Cal27 and HN5 cells were treated with telaglenastat (tel.) and cisplatin (cis.) for 24 hours then irradiated at 4 Gy. Cells grew for 8–10 days after irradiation and cell survival was measured by counting colonies. (n=3) (B) Activation of caspases 3/7 were assessed in Cal27 and HN5 cells. Cells were treated overnight with vehicle or drug prior to RT treatment. Twenty-four hours post-RT cells were imaged. SEM, one-way ANOVA, n≥3, *p<0.05, **p<0.01, ***p<0.001, ****p<0.0001).

Fig. 4.. Pro-oxidant effects of telaglenastat, cisplatin and RT in HNSCC cell lines.

(A) ROS production assessment in Cal27 and HN5 cells using DCFH-DA flow cytometry. (B) Total GSH per mg of protein determined using spectrophotometry. Cal27 and HN5 cells were treated with combinations of vehicle, 10 μM telaglenastat (tel.) and cisplatin (0.5 μM for DCFH-DA assay; 0.2 μM for GSH assay; cis.) overnight prior to treatment with 0 or 4 Gy RT. Lysates were collected 24 hours post-irradiation (SEM, n=3, *p<0.05, **p<0.01, ***p<0.001, ****p<0.0001).

Fig. 5.. Telaglenastat, cisplatin and RT increase yH2AX signal in HNSCC cell lines.

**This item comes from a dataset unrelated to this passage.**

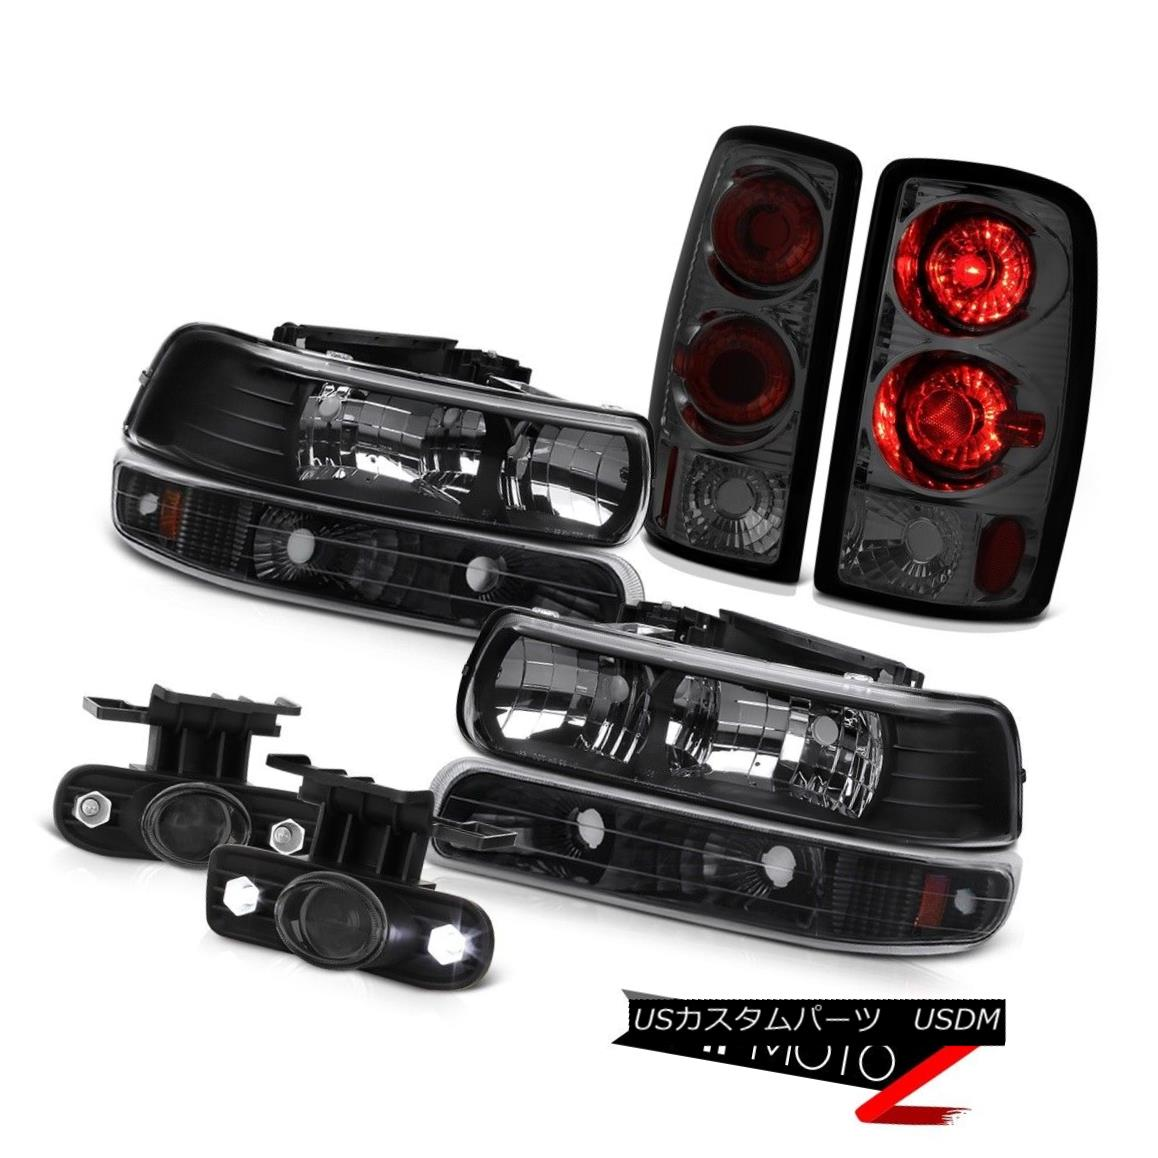 テールライト Pair Black Headlights Parking Smoke Red 00-06 Tahoe LS Tail Lights Projector Fog ペアブラックヘッドライトパーキングスモークレッド00-06 Tahoe LSテールライトプロジェクターフォグ

The DNA damaging effects of telaglenastat, cisplatin and RT were assessed indirectly using immunofluorescence detection of yH2AX foci in Cal27 and HN5 cells. Cells were pre-treated overnight with combinations of vehicle, 10 μM telaglenastat (tel.), and cisplatin (cis, Cal27 0.25 μM, HN5 1 μM) prior to irradiation with 0 or 2 Gy. Cells were fixed and processed for yH2AX staining 4 hours after irradiation. SEM, n=3, *p<0.05, **p<0.01, ***p<0.001, ****p<0.0001). Representative 40X images are shown. Scale bar represents 100 μm.

Fig. 6.. Global proteomic changes induced by telaglenastat, cisplatin and radiation in Cal27 and HN5 HNSCC Cells.

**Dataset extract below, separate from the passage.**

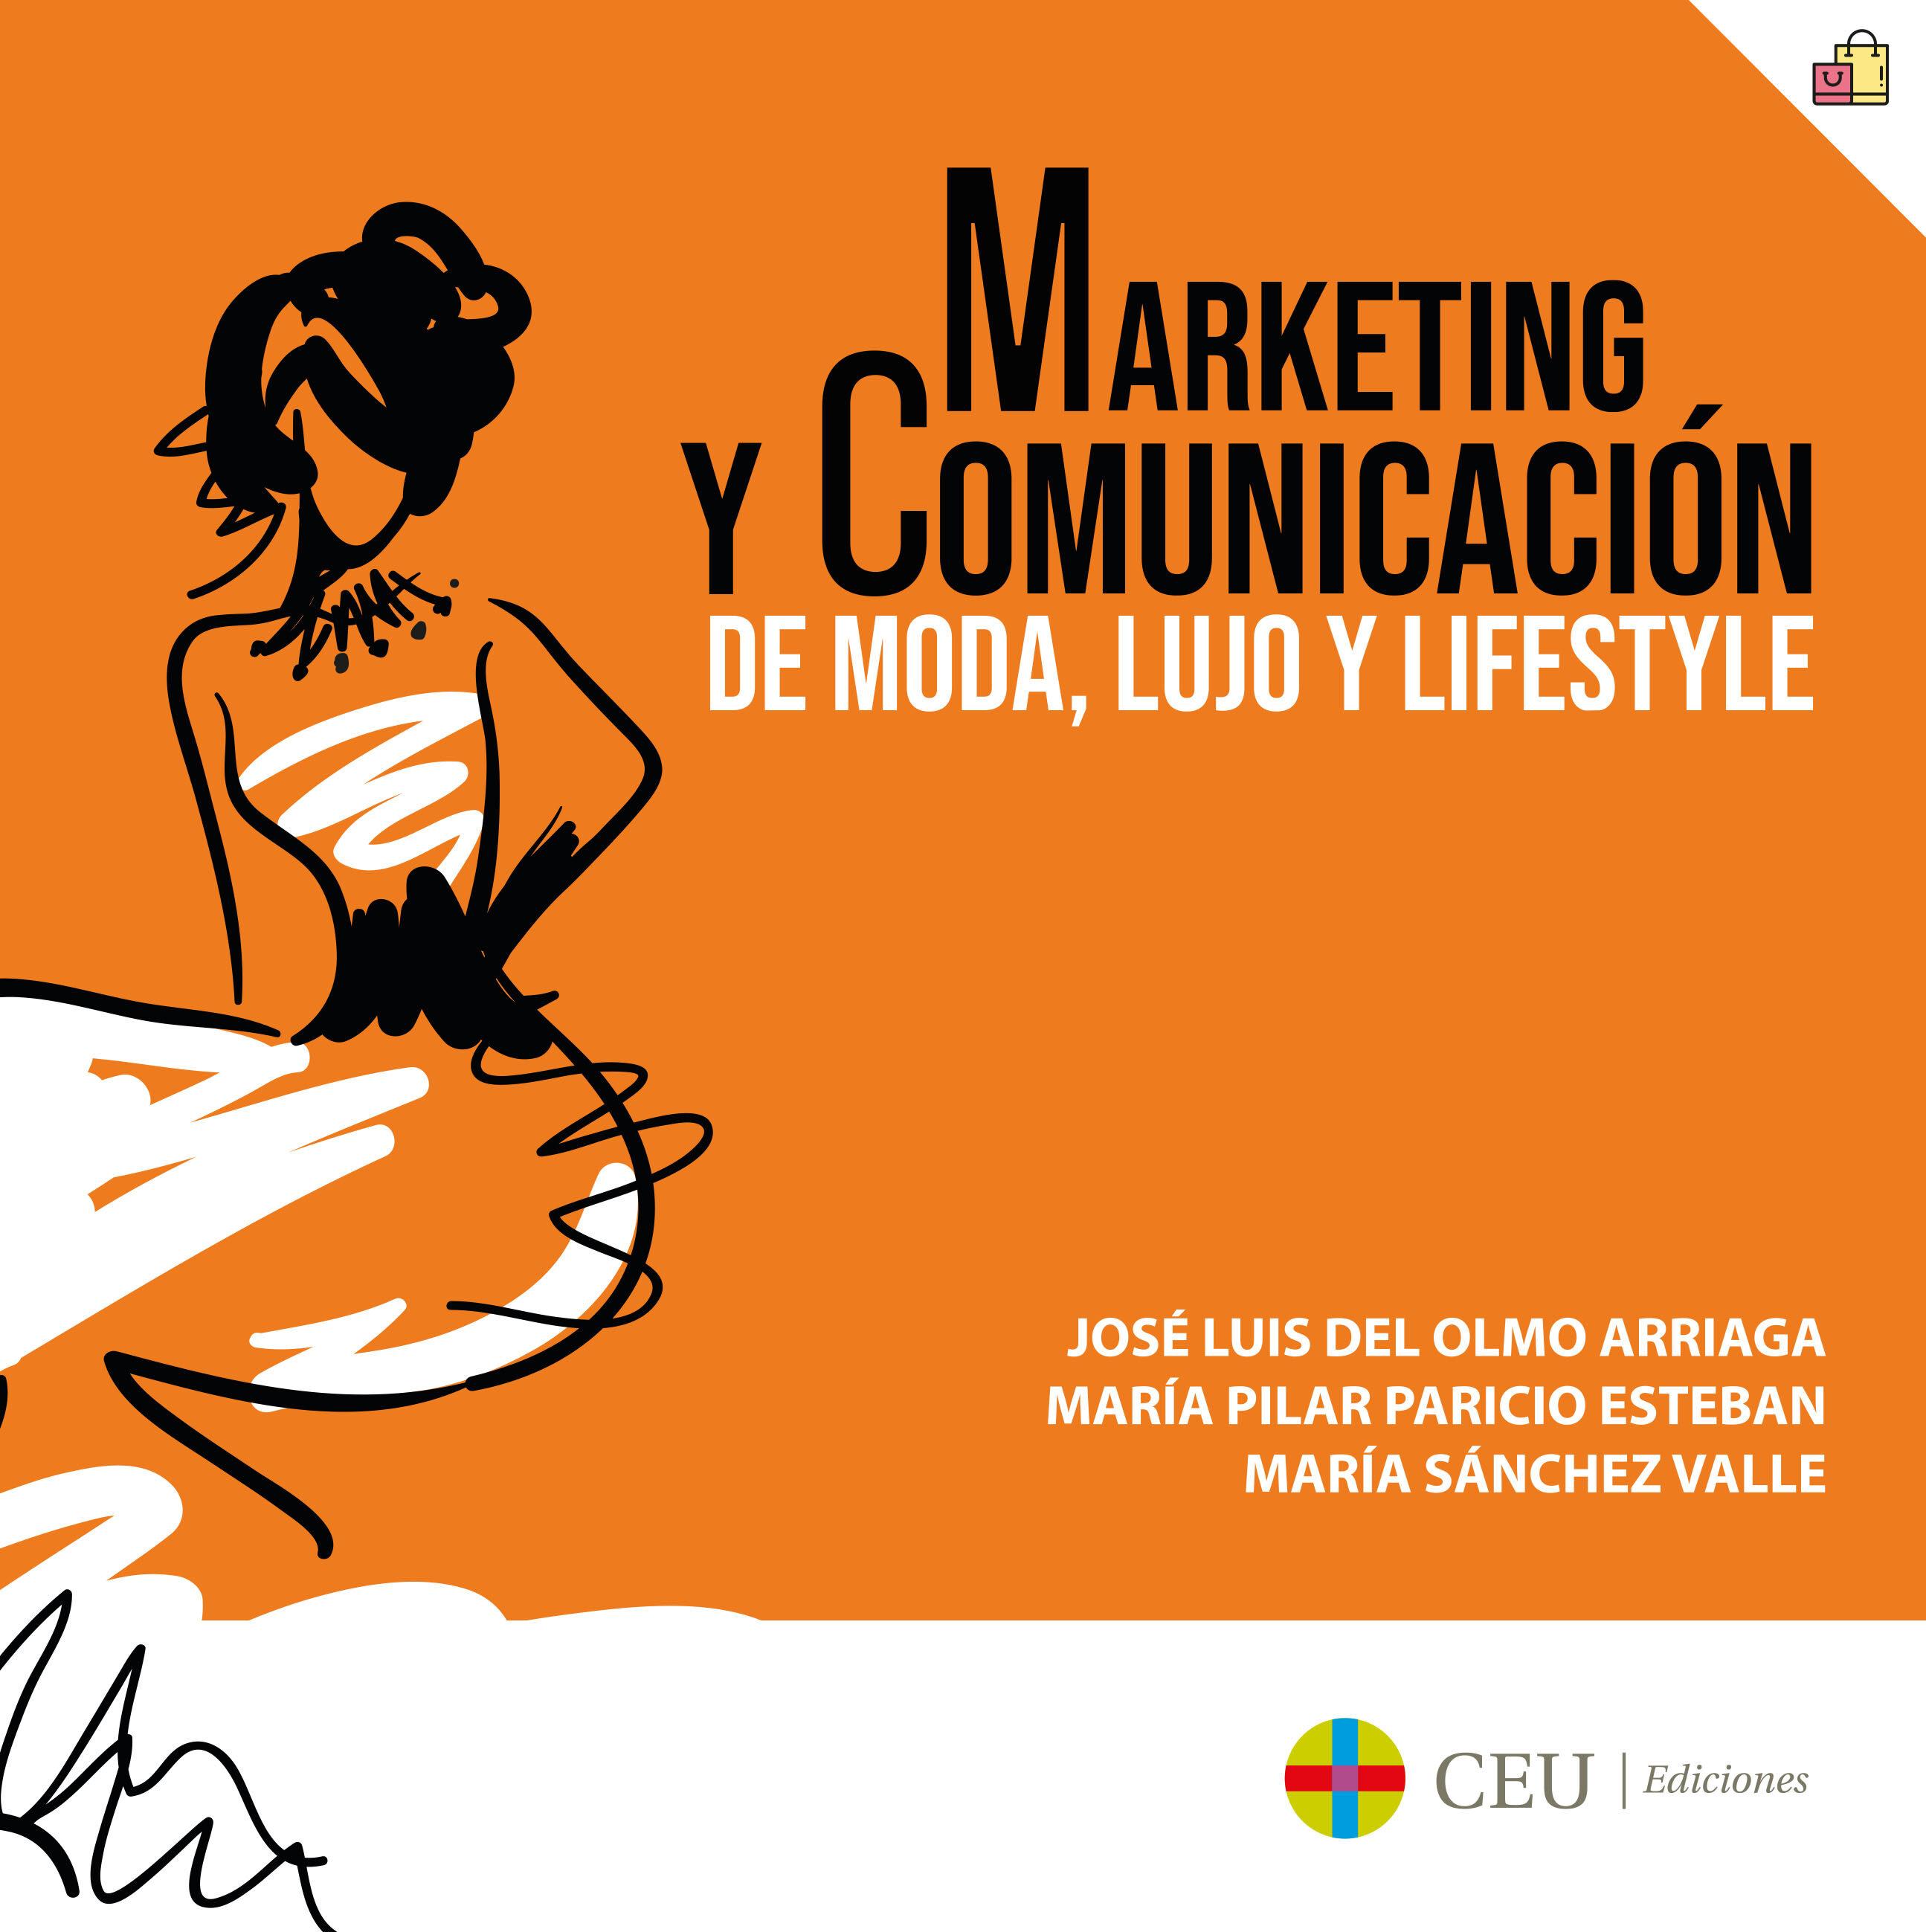 Marketing Y Comunicación De Moda, Lujo Y Lifestyle por Jose Luis Del Olmo Arriaga

Heat map of global proteomic changes in cell growth, cell death, DNA damage and, cell migration and invasion pathways in Cal27 and HN5 HNSCC cells. Vehicle (veh.), Radiation (RT), Telaglenastat (Tel.), Cisplatin (Cis.). Heatmap represents average levels by treatment and centered. Heat map color correspondence: Decreased and increased protein expression run blue to red, respectively. Accompanying statistics are in Supplemental Table 1.